I've wanted to start an eldar or dark eldar army, prolly the only thing other than Chaos Marines I'd ever play


----------



## Sternguard (Oct 26, 2008)

Cant ever see me using any chaos. I read alot of the 40k novels so love all the fluff that goes with the imperial forces just couldnt turn my back on the emperor:biggrin:


----------



## Apoctis (Feb 14, 2008)

Orks are not the sleek future look I like and both eldar because of the flimsyness.


----------



## Dalek (Apr 8, 2009)

Space Marines, IG - Too human! uke:
Necrons- Not much range of units


----------



## Katie Drake (Nov 28, 2007)

asianavatar said:


> But you don't like Eldar, Katie aren't they the epitome of bold eye catching colour schemes.


Yeah, but they're pansies.


----------



## unxpekted22 (Apr 7, 2009)

TheUnmarked said:


> Hmm I would have to say the following
> 
> 1: Tau: I just don't like the limited play style (I shoot when stationary, I shoot when moving, or I shoot after getting out of a vehicle)
> 
> ...


lol a lot of people dont like how dark eldar look but i think they look really cool. dark armor with lots of blades is just appealing to me i suppose. i like warriors, scourges and most of the vehicles. but the units such as the wyches, warp beasts and some of the hq. dont have any yet but id like to start a de army once the new codex is out. space marines will always be great though, in both terms of look and playability.


----------



## unxpekted22 (Apr 7, 2009)

the only armies i would never give a try are sisters of battle and squats...glad they arent around anymore and they are way to dumb to be brought back. people think space elves are stupid, but the idea of space dwarfs is borderline retarded.


----------



## nightfish (Feb 16, 2009)

unxpekted22 said:


> the only armies i would never give a try are sisters of battle and squats.........the idea of space dwarfs is borderline retarded.


Here we go....

While I'm here, could anyone explain why people think Eldar 'prance'?

It seems to be coming up as a reason quite a bit.


----------



## Katie Drake (Nov 28, 2007)

nightfish said:


> Here we go....
> 
> While I'm here, could anyone explain why people think Eldar 'prance'?
> 
> It seems to be coming up as a reason quite a bit.


Because they're pansy elves in space?


----------



## Chaosftw (Oct 20, 2008)

Only army I would never play would have to be the Space Marines.

My reason is simple they are over glorified and nothing pleases me more then to rid the battle field of them with any other species.

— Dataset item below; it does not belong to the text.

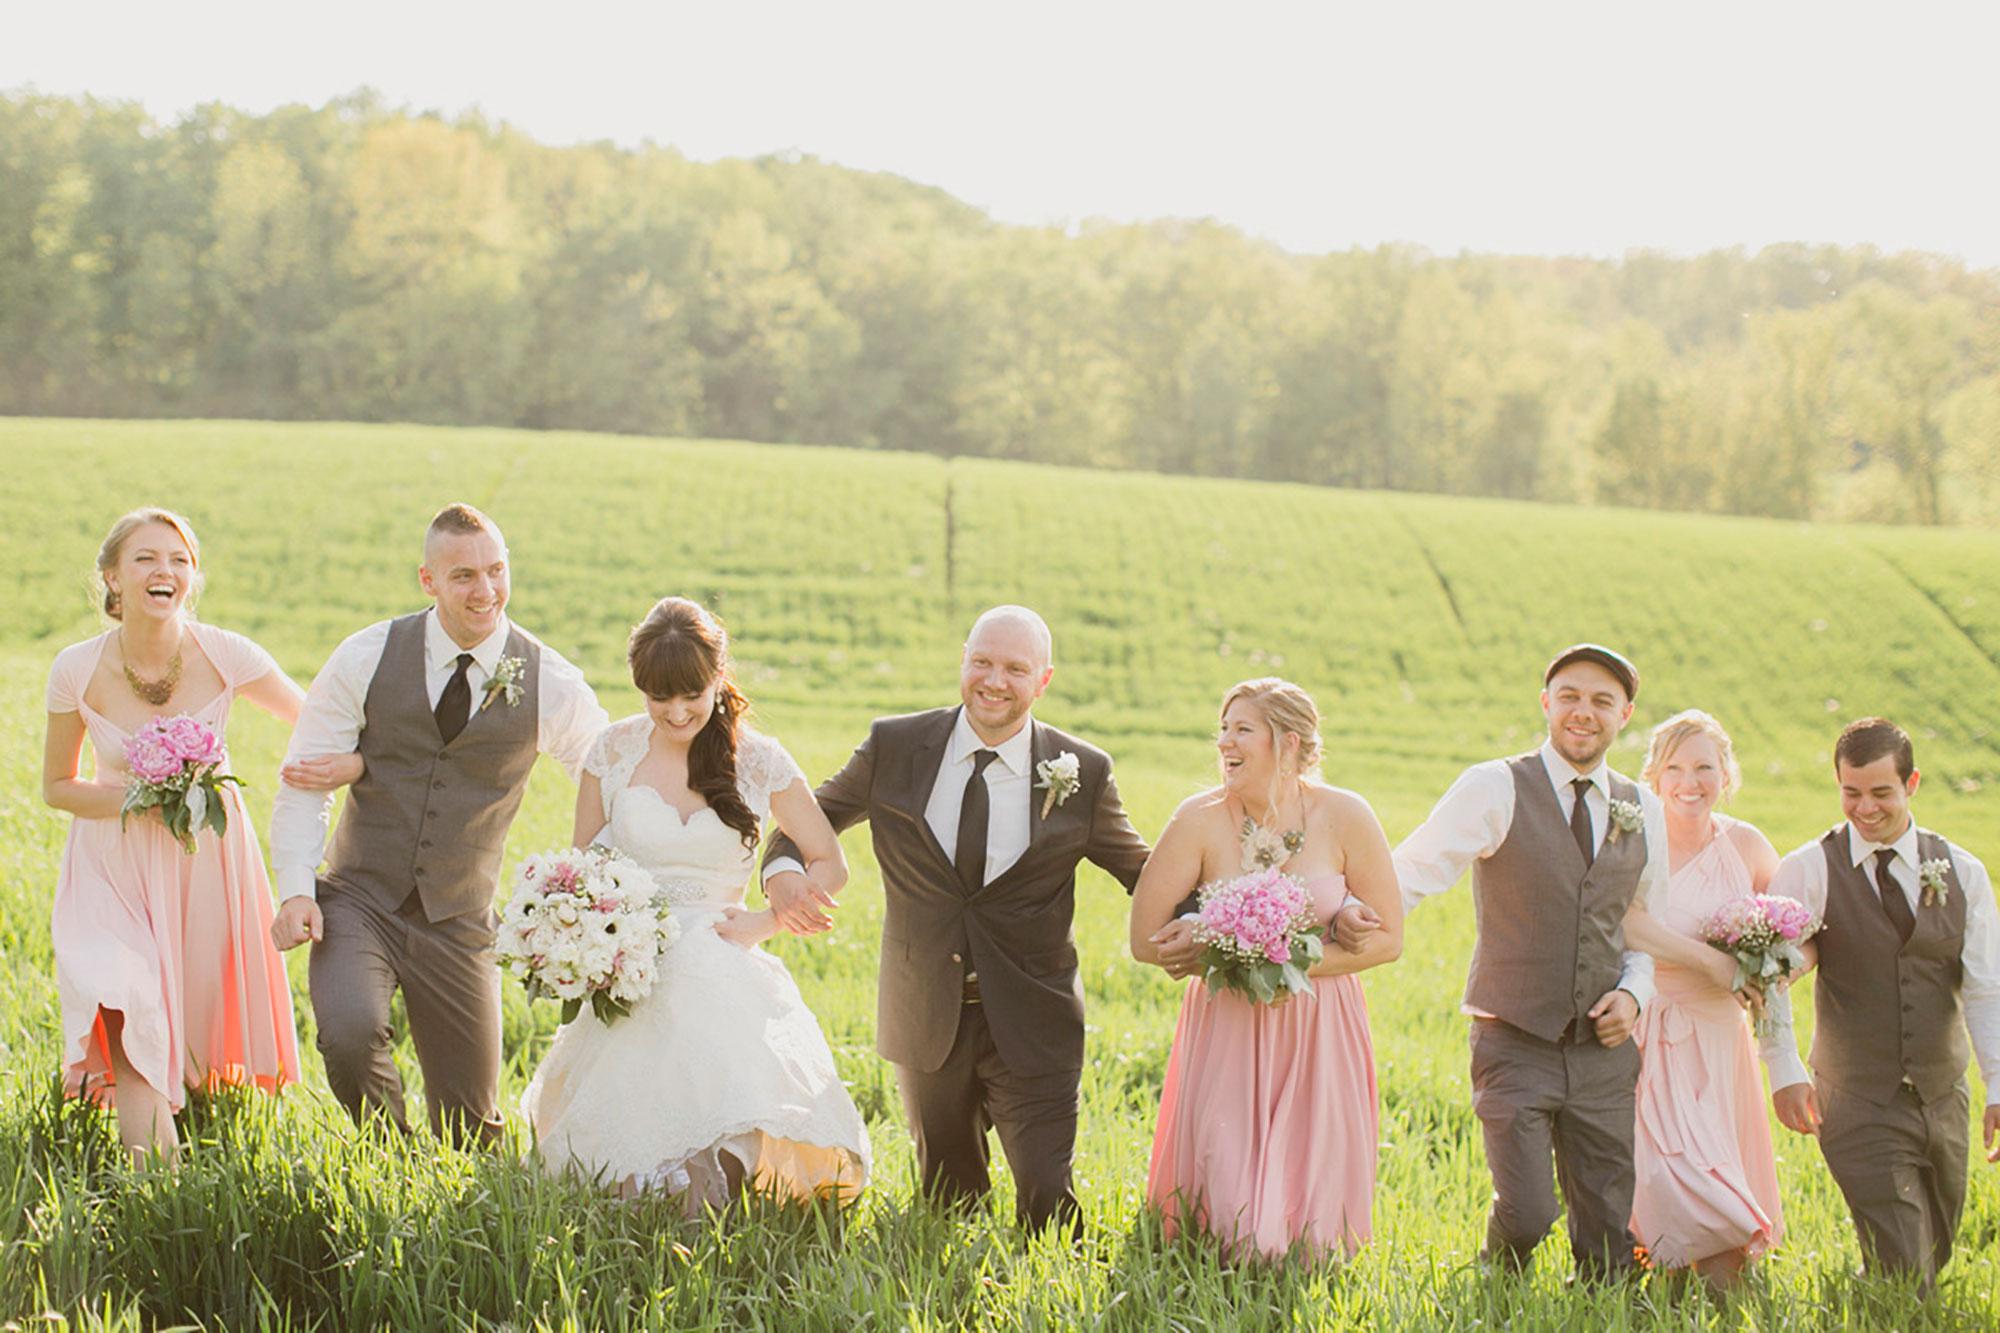 Balls-Falls-Vineyard-Bride-Photo-By-Elizabeth-in-Love-024.jpg

The only ones I have yet to do it with is the Dark Eldar, the Eldar, and the Tau.

Chaosftw


----------



## inqusitor_me (Jan 27, 2008)

aye ok katie lol
i did think that untill thya blade stromed my ass lol
well Cron's and nid's my self


----------



## Bladecrest (Apr 9, 2009)

Necrons...
waay too much cheese for me


----------



## snuggles (Apr 29, 2008)

I will never play...
Necrons ever again...
Tau...cause a race that builds itself upon its shooting technology should have learned hot to shoot.
Space Marines....cause they worship a man who is dead and never wanted to be worshiped.


----------



## Lord of Rebirth (Jun 7, 2008)

Necrons. They totally bore me.


----------



## Wu-Tang-Tau (Apr 2, 2009)

I refuse to touch any forces from the imperium!


----------



## Chaoz94 (Jun 17, 2008)

1; eldar 
i HATE all their rules which pretty much just cheese you out to much 

but i wouldnt mind playing DE to get a little vengence

2; tyranids - too many models

3; tau - close combat and shooting are what i like not being stationary and blowing the hell out of anything and thats it 

chaoz


----------



## Devinstater (Dec 9, 2008)

Orks: Too one dimensional smashy smashy and I don't like the loks of Orks in space.
Tau: Too one dimensional, look kinda anime ish, which turns me off. I need at least some semblance of smashy smashy in my army.


----------



## Ijustmadethisup4 (Apr 7, 2009)

I have to say tau. I own a couple tau and thier codex. Their background is boring and short. Even the nids have a cool mystery about them, even though they have virtually no background. Their playing style is boring. Thier paint scemes are boring. Their HQs are boring.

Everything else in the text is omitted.